Personal information
- Full name: René Lisandro Trujillo Caloca
- Date of birth: 4 September 1947 (age 78)
- Place of birth: Mexico City, Mexico
- Position: Defender

Senior career*
- Years: Team / Apps / (Gls)
- 1966–1968: Pumas UNAM
- 1968–1979: América

International career
- 1972–1977: Mexico / 8 / (1)

Medal record
Men's football
Representing Mexico
CONCACAF Championship
| Gold medal – first place | 1977 Mexico | Team |

= René Trujillo =

Mexican footballer (born 1947)

René Lisandro Trujillo Caloca (born 4 September 1947) is a retired Mexican footballer. Nicknamed "Popeye", he played as a defender for Pumas UNAM and América throughout the 1970s. He also represented Mexico internationally for the 1977 CONCACAF Championship.

==Club career==
Trujillo began his career within Pumas UNAM for their 1966–67 season with a poor 13th place finish. Despite a significant improvement in the following 1967–68 season as runners-up, Trujillo later signed for América for their 1968–69 season.

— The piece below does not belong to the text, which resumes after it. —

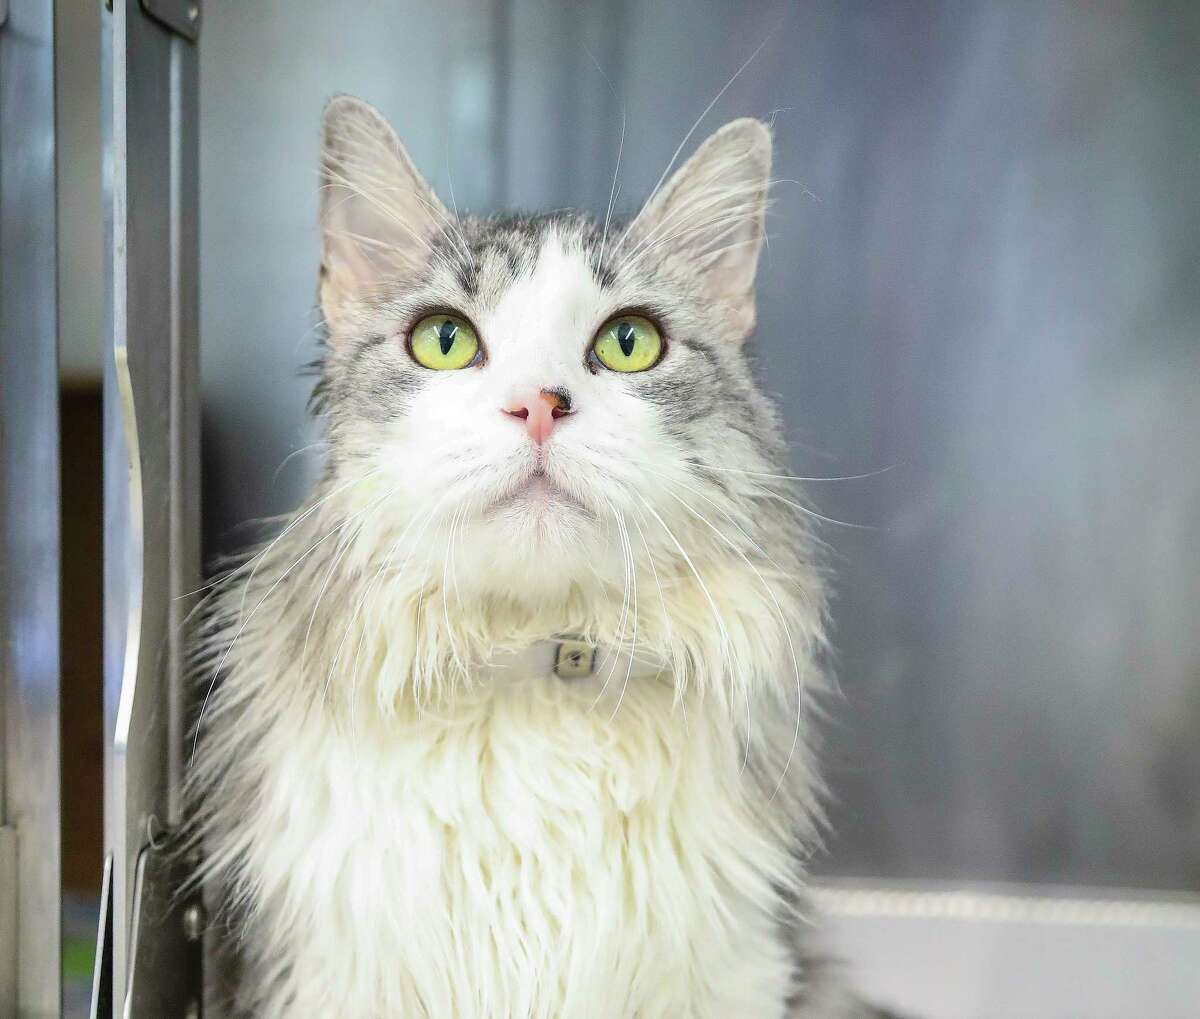 French Onion (A1784643) is a male, 6-year-old Silver Tabby medium hair cat available for adoption from BARC Animal Shelter on Tuesday, May 3, 2022 in Houston. Volunteers say that French Onion “is so handsome and so sweet. He loves being scratched on the top of his fluffy head” and he is one of 126 cats total held since September 15, 2021, on a cruelty hold pending the outcome of the court proceedings. 

Throughout his career the Aguilas, he played alongside other players such as Enrique Borja, Monito Rodríguez, Prudencio Cortés, Mario Pérez and Carlos Reinoso, notably playing with comedian Polo Polo. Trujillo also helped the club win the 1970–71 and 1975–76 Mexican Primera División as well as winning the . He remained with the club until his retirement following their 1978–79.

==International career==
Trujillo made his international debut in a friendly against Chile in a 0–2 victory on 16 August 1972 but wouldn't make another international appearance until appearing in another friendly against Brazil in a 1–1 away draw on 31 March 1974. That year also saw Trujillo score the winning goal in a 0–1 away match against rivals United States on 8 September. He continued to play in various friendlies into the late 1970s with his most significant contribution to the Tricolor came during the 1977 CONCACAF Championship as he was part of the squad that gave a 8–1 thrashing to Suriname on 15 October 1977. Despite Mexico ultimately qualifying for the 1978 FIFA World Cup, Trujillo was not named in the final roster for the tournament and never returned to international football.